Kalina rolled over on the leather-covered seat, turning until she stared into eyes that freaked her out more than the green ones she’d seen in the bushes. They were gold, like flecks of the sun dropped into the face of a man with skin the color of night.

Now she really wished she had her gun.

Chapter 14

Umberto Alamar walked slowly off the private jet to the waiting black SUV. A different type of breeze hit his exposed skin, a scent of untamed and dangerous land tickling his nostrils. Approaching the open door of the vehicle, he unbuttoned the two buttons of the suit jacket and stepped inside.

Human clothes, he thought, itched like the devil.
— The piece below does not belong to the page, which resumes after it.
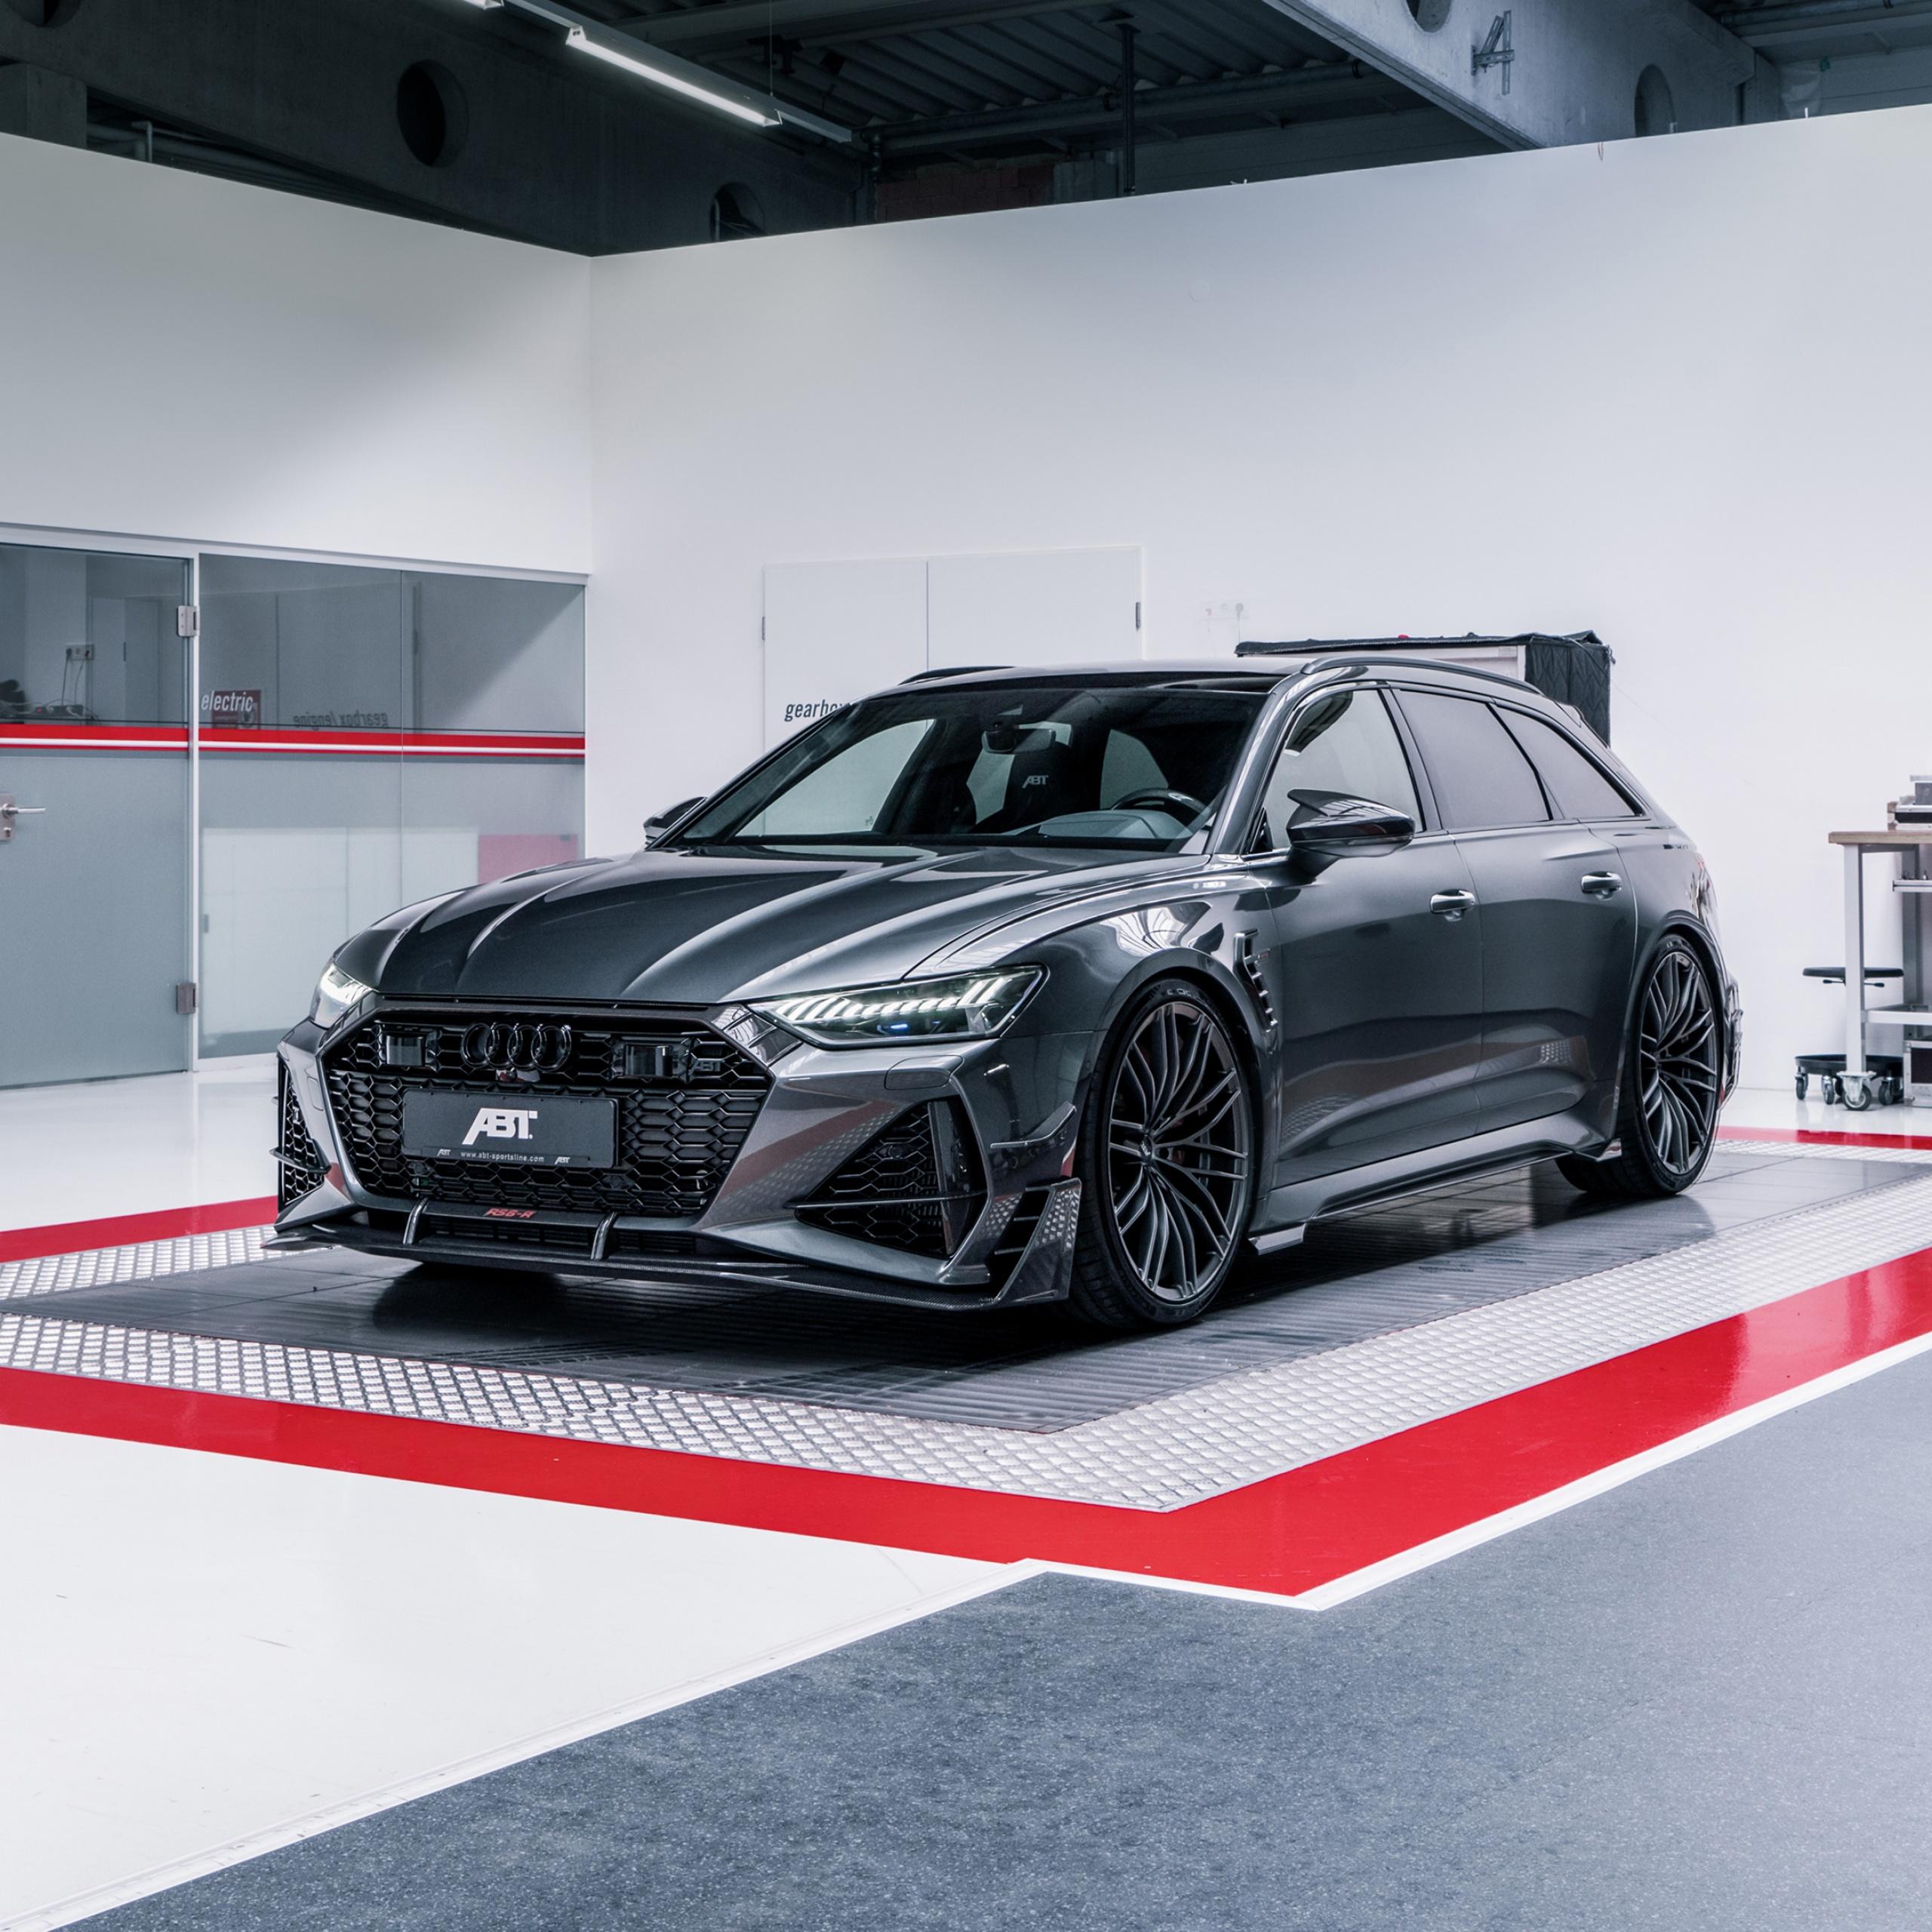 4K Wallpaper ABT Audi RS6-R, 2020, Cars, #223

The interior of the vehicle was dark and he was alone, as he was most of the time. As he had been most of his adult life. Save for the three years his jaguar mother had stayed with him, Umberto had been parentless, taken in by the females of the tribe, trained by the males to become the leader he was today. One would think at fifty-two years old he would have found some sort of solace in the life that had been chosen for him before he’d taken an initial breath.

But he hadn’t.

He was where he was supposed to be, doing the job that was destined to be his. But it wasn’t enough. He knew this just as he’d known three days ago that this trip to the States was imminent.

Things were changing, long-ago rules were proving deficient in this new battle that approached. And it was on foreign ground that the first spoils of this war would lie.
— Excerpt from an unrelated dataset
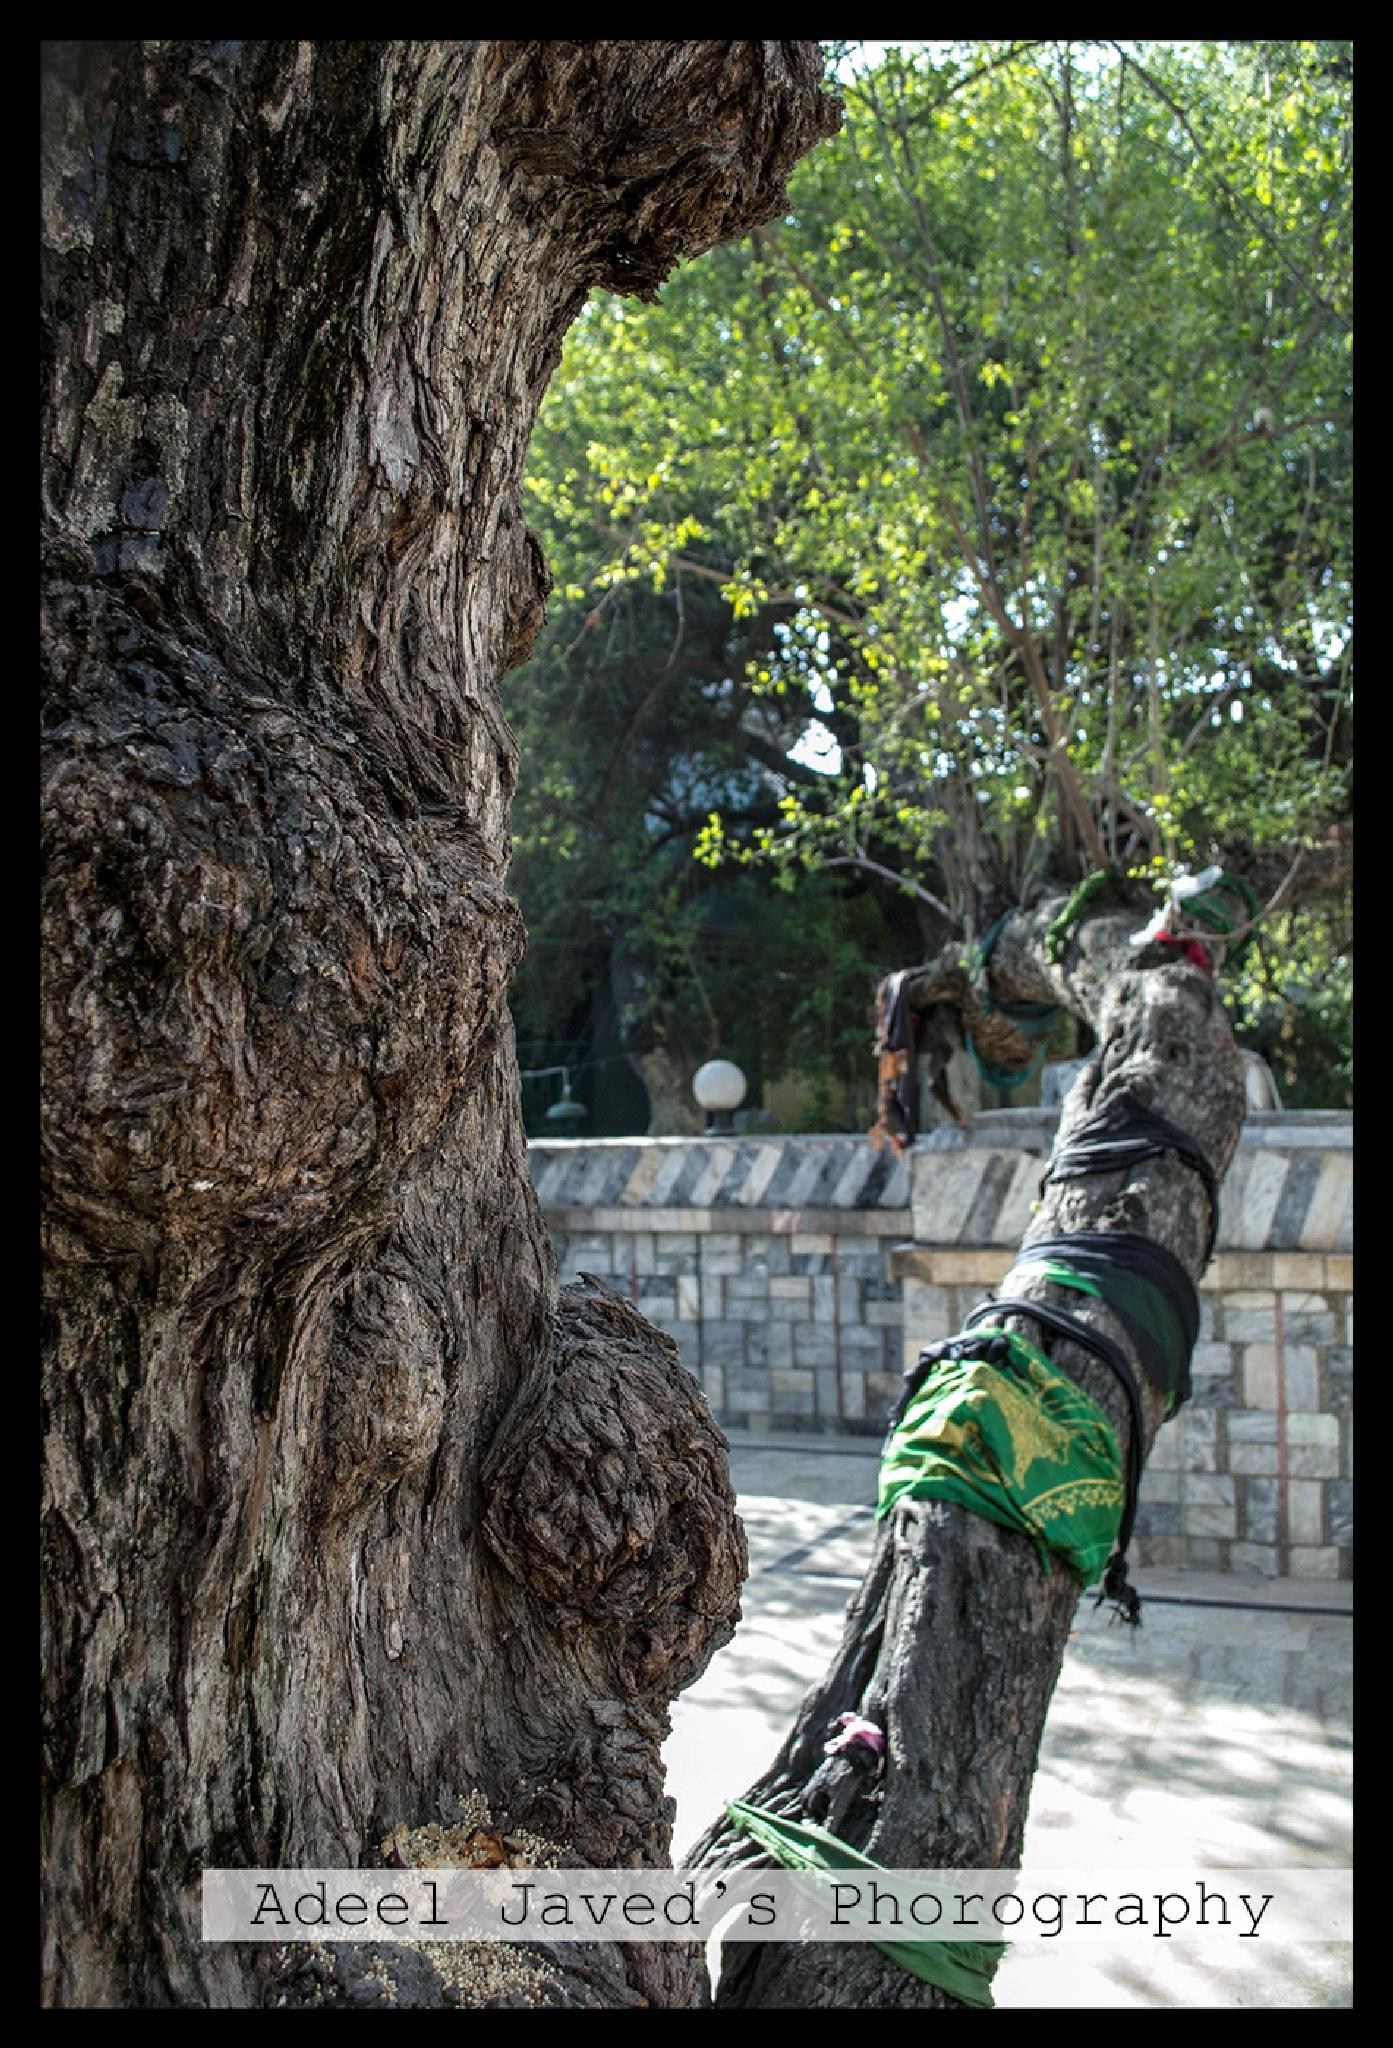 Tree View by Adeel Javed

With a heavy sigh he sat back on the seat, wondering how they’d come to be in this position, knowing instinctively that it would not only be up to him to bring them out.

* * *

X greeted the Elder, holding open the door to the SUV that had brought him from the private landing strip in Virginia owned by the Shadow Shifters but titled to a couple of fake stockholders in Rome and Nick’s law firm. With appropriate respect and honor he bowed and waited as the Elder stepped from the vehicle and stayed in that position until a heavy hand clapped onto his shoulder, granting permission for him to do otherwise.

He’d received word from the Assembly just an hour ago that Elder Alamar was arriving. He’d also been told to keep the arrival time and place a secret, until otherwise notified.

X did as he was told.

Usually.

Tonight was one of those off times that he listened to one of the Elders and kept his mouth shut about the arrival of Alamar. He did this for two reasons. First, he’d been instructed to take Alamar to Rome’s house. This meant he wasn’t keeping anything from his friend and Faction Leader. And two, it was either leave his apartment to pick up the Elder or sit there and let the walls close in around him, choking the last remnants of life out of him.